Can a brand have regrets?
We highly recommend reading these. Should we start a book club?
Beth and I recently realized we were exploring the same theme from two different angles. She was reading The Collected Regrets of Clover; I was reading The Brilliant Life of Eudora Honeysett. Both novels settle into the quiet, heavy weight of human regret.
At Root + Rigor, we believe that strategy is a system built on human truth. And that fiction (novels) are often best at bringing those to light. In life, as in fiction, humans are often defined by their regrets, which got us thinking: why would we presume brands are any different?

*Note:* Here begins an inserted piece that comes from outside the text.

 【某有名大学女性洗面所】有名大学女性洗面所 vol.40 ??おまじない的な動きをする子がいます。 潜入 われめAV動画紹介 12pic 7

The Regret of Inaction: As leaders, we are trained to avoid the regrets that come as a result of action. We fear the failed launch, the polarizing campaign, the wrong choice. To mitigate risk, we play it safe.
But we would argue the most dangerous regret for a brand isn't the mistake you made. It is the white space you left open for a competitor to occupy.

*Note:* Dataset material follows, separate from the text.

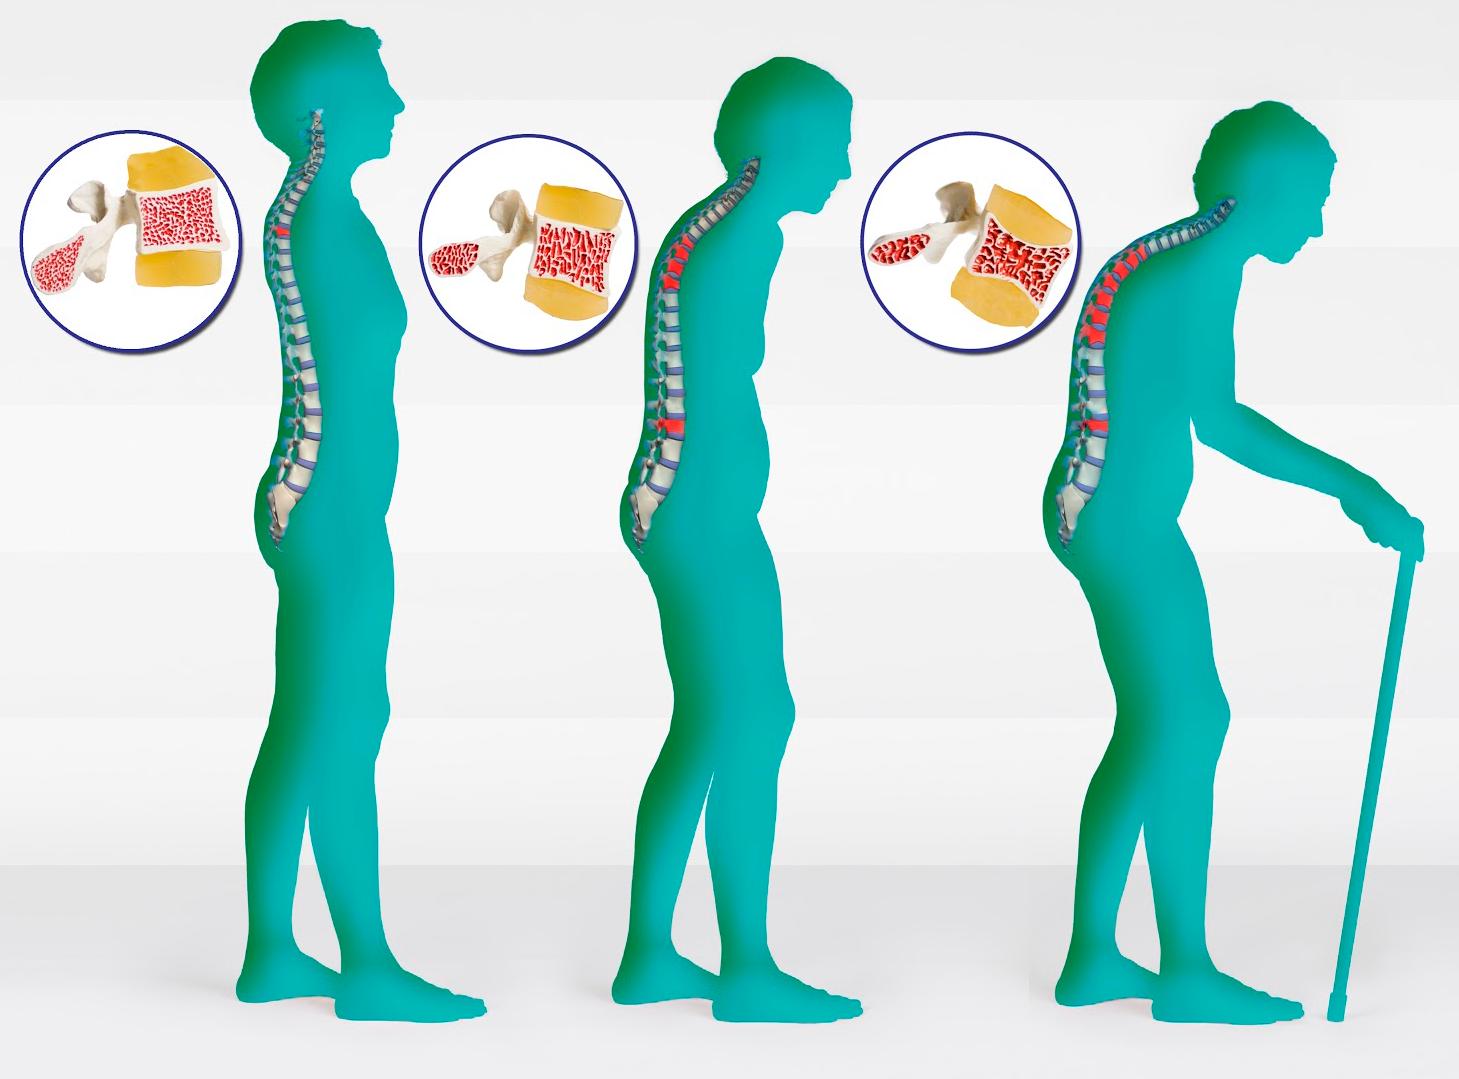 Risultati immagini per osteoporosi

The missed pivot: You saw the shift coming, but your current systems were too rigid to move.
The unnamed villain: You were too polite to call out market inefficiencies, letting the status quo continue to define the rules.
The lost audience: You hesitated to be "messy" or innovative, so your audience found a new home with someone who was. Or maybe worse, you tried to be all things to all people and in doing so, lost across the board.

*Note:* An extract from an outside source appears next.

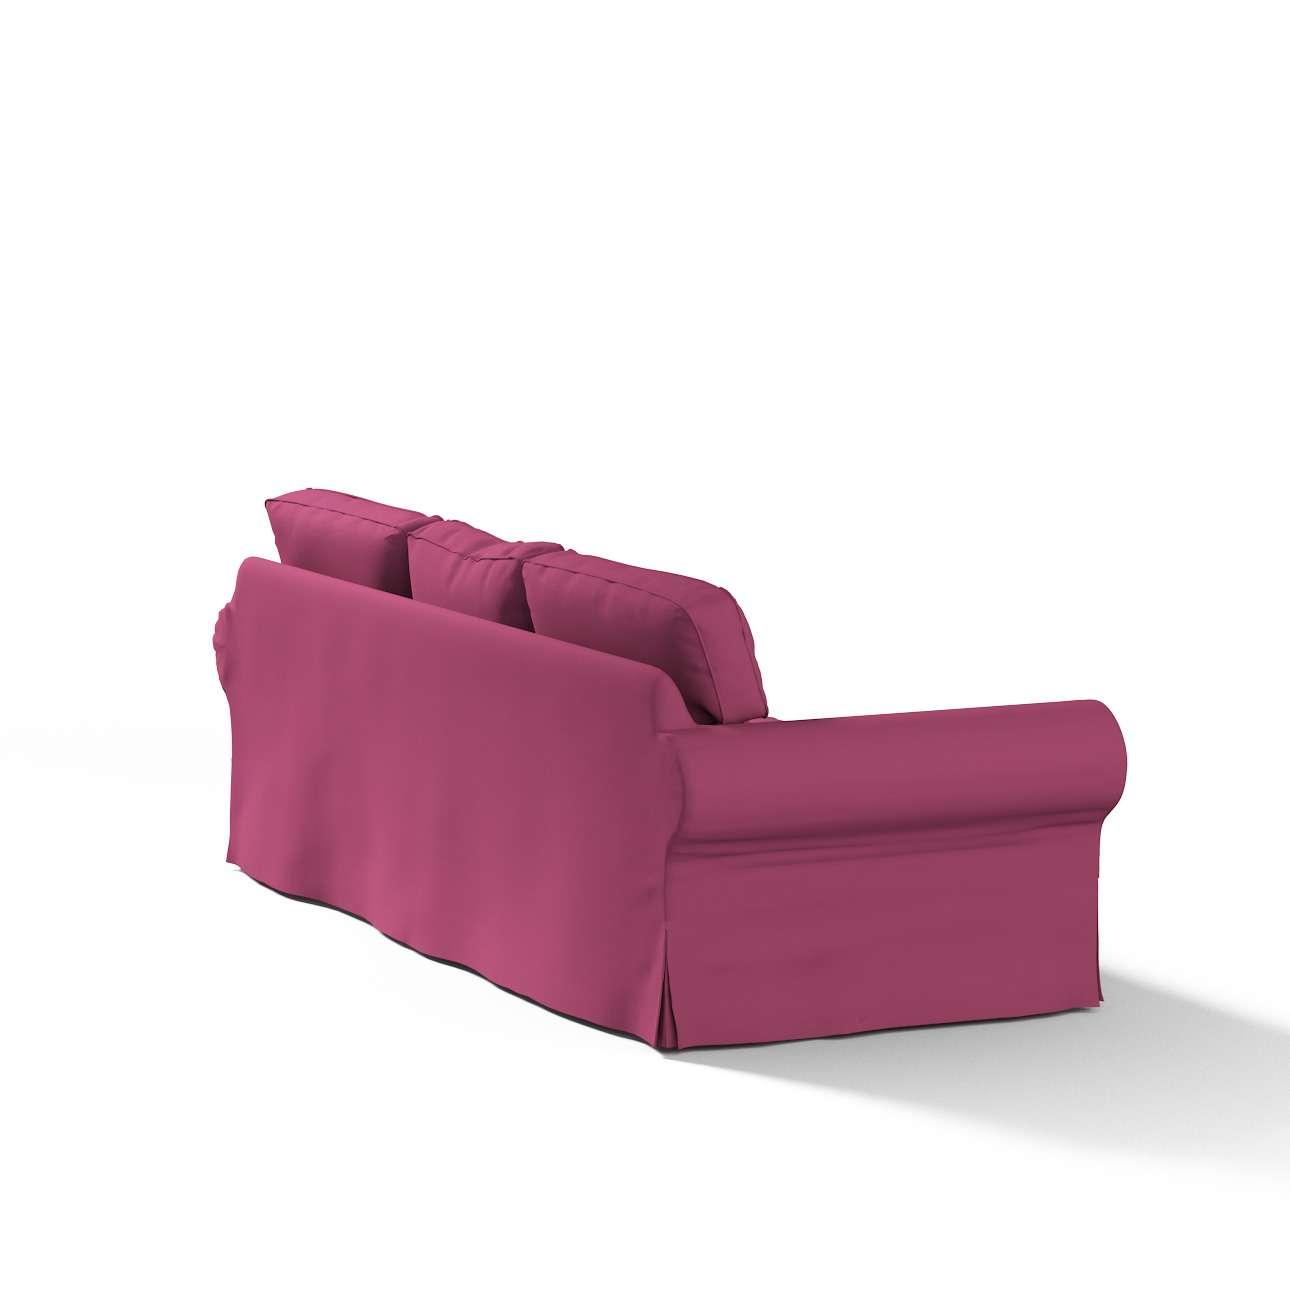 Ektorp trivietės sofos užvalkalas Ektorp trivietės sofos užvalkalas kolekcijoje Cotton Panama, audinys: 702-32

In business, the status quo isn't a neutral position. It is just regret in the making.
Regret as a Signal: Many leaders treat past failures like skeletons to be locked away. We prefer to see them as signals - clear guidance on how to proceed.
When we partner with brands, we look for the ‘embarrassing’ truths. We ask the hard questions: Why did the last initiative stall? Why did a team’s blueprint never actually come to fruition? That lingering sense of regret is rarely a character flaw. It is usually just a sign that your strategy and your execution are out of alignment.
If you’re feeling that friction, use it to your advantage. Take these three steps to turn that regret into an asset:
Examine the Regrets: Identify three things you wish your brand had done in the last 24 months but didn't.
Identify the Friction: Determine if the failure was caused by a lack of consensus, a fragmented system, or the fear of leaving the safety of the status quo.
Apply the Rigor: Use those regrets to help identify and define what and where you need to systematize so that next time you're ready.
We don’t want our clients to end up like the characters in our books - looking back on what “didn’t” get done or “didn’t” happen, and wondering what might have been. We’re here to bridge the gap between ambition and execution. Because we believe that the only thing more expensive than a bold mistake is the regret of sticking to the status quo.